10. Ratification. The Borrower hereby restates, ratifies and reaffirms
each and every term, covenant and condition set forth in the Credit Agreement
and the other Loan Documents effective as of the date hereof.
11. Counterparts. This Fourth Amendment may be executed in any number of
counterparts and by different parties hereto in separate counterparts, each
of which when so executed and delivered shall be deemed to be an original and
all of which counterparts, taken together, shall constitute but one and the
same instrument.
12. Section References. Section titles and references used in this Fourth
Amendment shall be without substantive meaning or content of any kind
whatsoever and are not a part of the agreements among the parties hereto
evidenced hereby.
13. No Default. To induce the Agent, the Documentation Agent and the Banks
to enter into this Fourth Amendment and to continue to make advances pursuant
to the Credit Agreement, the Borrower hereby acknowledges and agrees that, as
of the date hereof, and after giving effect to the terms hereof, there exists
(i)-no Default or Event of Default and (ii)-no right of offset, defense,
counterclaim, claim or objection in favor of the Borrower arising out of or
with respect to any of the Loans or other obligations of the Borrower owed to
the Banks under the Credit Agreement.
14. Further Assurances.
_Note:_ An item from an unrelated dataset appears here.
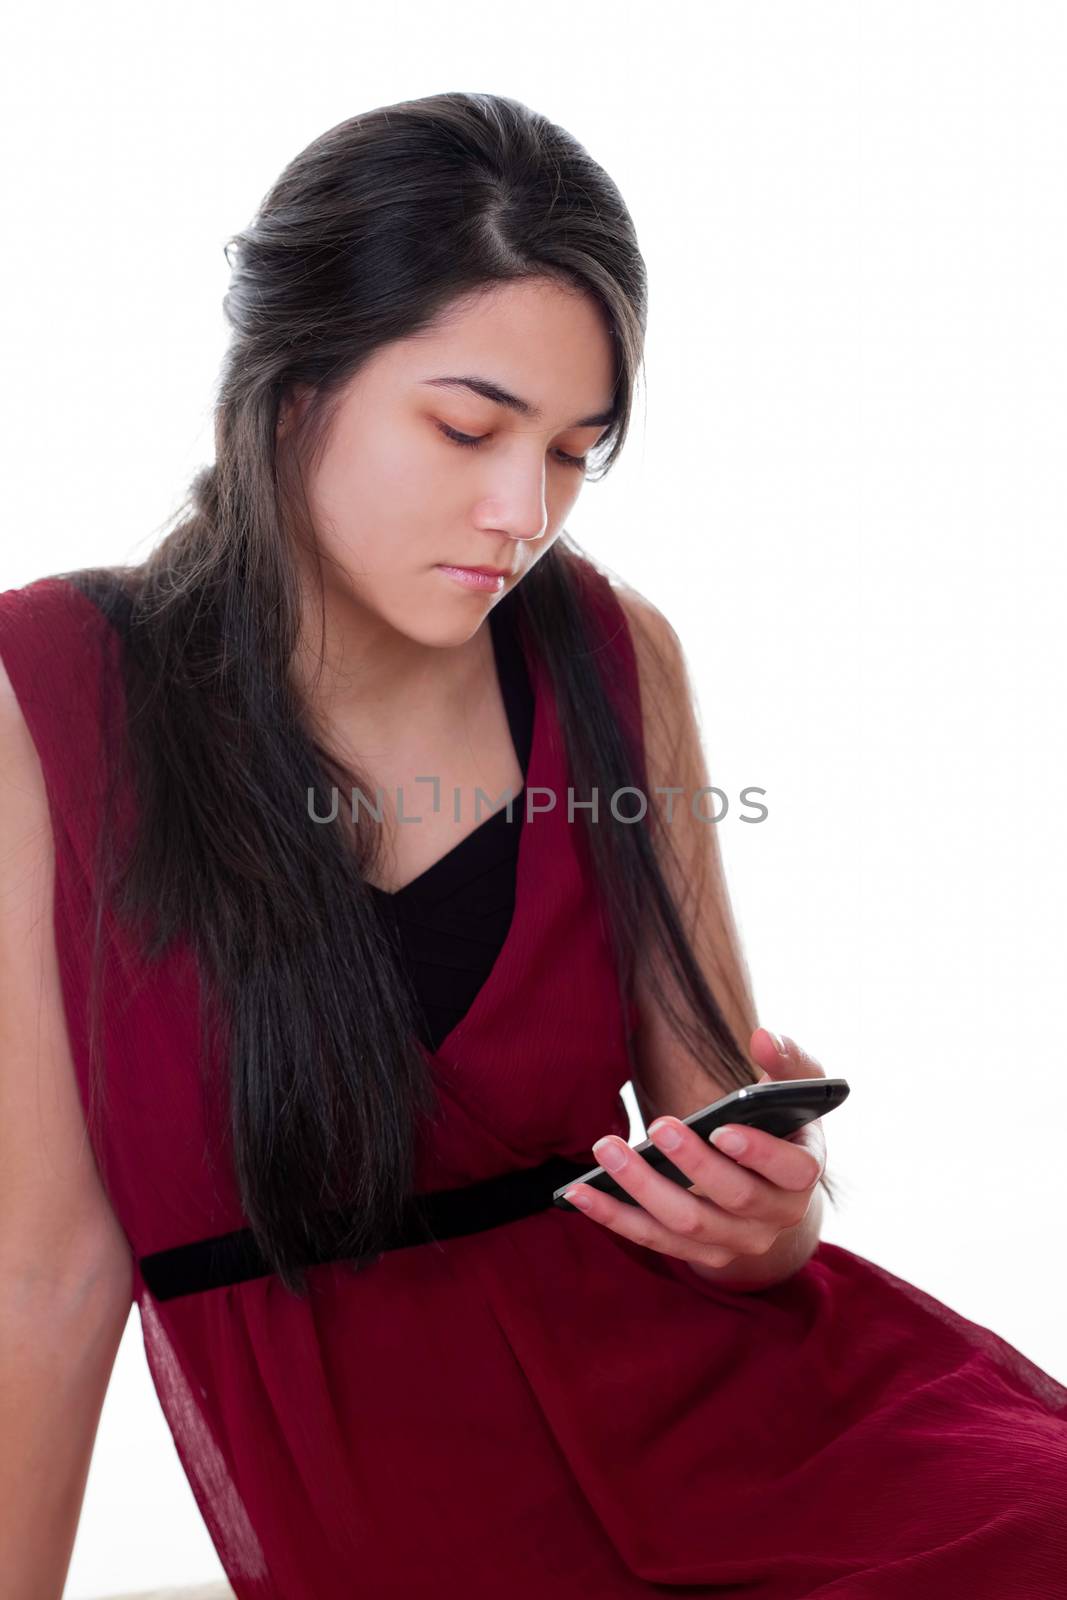 Teen girl in red dress holding cellphone by jarenwicklund
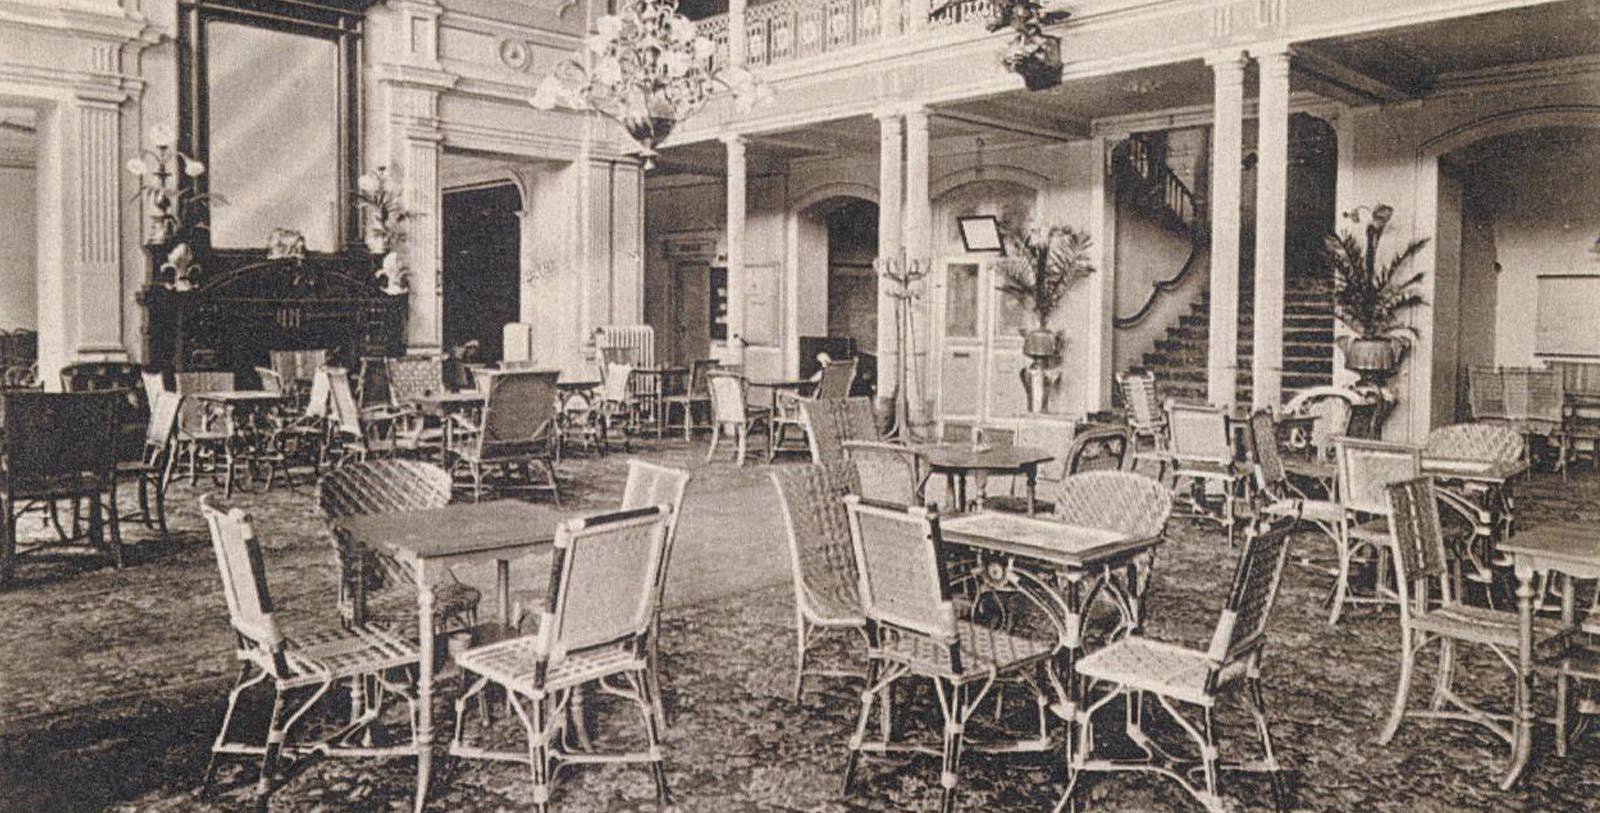 Historic Exterior of Grand Hotel des Bains in St. Mortiz, Switzerland

The Borrower agrees to take such further actions
as the Agent shall reasonably request in connection herewith to evidence the
amendments herein contained to the Borrower.
15. Governing Law. This Fourth Amendment shall be governed by and
construed and interpreted in accordance with, the laws of the State of
Georgia.
16. Conditions Precedent. This Fourth Amendment shall become effective
only upon (i) execution and delivery of this Fourth Amendment by each of the
parties hereto, and (ii) payment to the Agent, for the ratable account of
each Bank, of a fully-earned and non-refundable fee in an amount equal to
0.05% of each Bank's Commitment.
IN WITNESS WHEREOF, the Borrower, the Agent, the Documentation Agent
and each of the Banks has caused this Fourth Amendment to be duly executed,
under seal, by its duly authorized officer as of the day and year first above
written.
XXXX, INC.,
(SEAL)
as Borrower
By: __________________________________
Title:
WACHOVIA BANK, N.A. (successor by
merger to Wachovia Bank of Georgia,
N.A. and Wachovia Bank of North
Carolina, N.A.), as Agent and as a
Bank
(SEAL)
By: __________________________________
Title:
FIRST UNION NATIONAL BANK (successor
by merger to First Union National Bank
of North Carolina),
as Documentation Agent and as a Bank
(SEAL)
By: __________________________________
Title:
SUNTRUST BANK (formerly known as
SunTrust Bank, Atlanta),
as a Bank
(SEAL)
By: __________________________________
Title:
EXHIBIT F
5. Interest and Leases Coverage (Section 5.19)
At the end of each Fiscal Quarter, the Interest and Leases Coverage
Ratio shall not have been less than: (i) for the period from and
including the fourth Fiscal Quarter of Fiscal Year 2000 through and
including the fourth Fiscal Quarter of Fiscal Year 2001, 2.25 to 1.0;
and (ii) at all times thereafter, 3.0 to 1.0.
(a) EBILTDA - Schedule 1 $______________
(b) Consolidated Net Interest Expense
- Schedule 1 $______________
(c) Consolidated Lease Expense
- Schedule 1 $______________
(d) Sum of (b) and (c) $______________
(e) Actual ratio of (a) to (d) _____ to 1.0
Minimum Ratio [2.25 to 1.0]
[3.0 to 1.0]
6. Debt/EBITDA Ratio (Section 5.21)
At the end of each Fiscal Month, the Debt/EBITDA Ratio will be (i) for
each Fiscal Month of Fiscal Year 2001, less than 3.75 to 1.0, and (ii)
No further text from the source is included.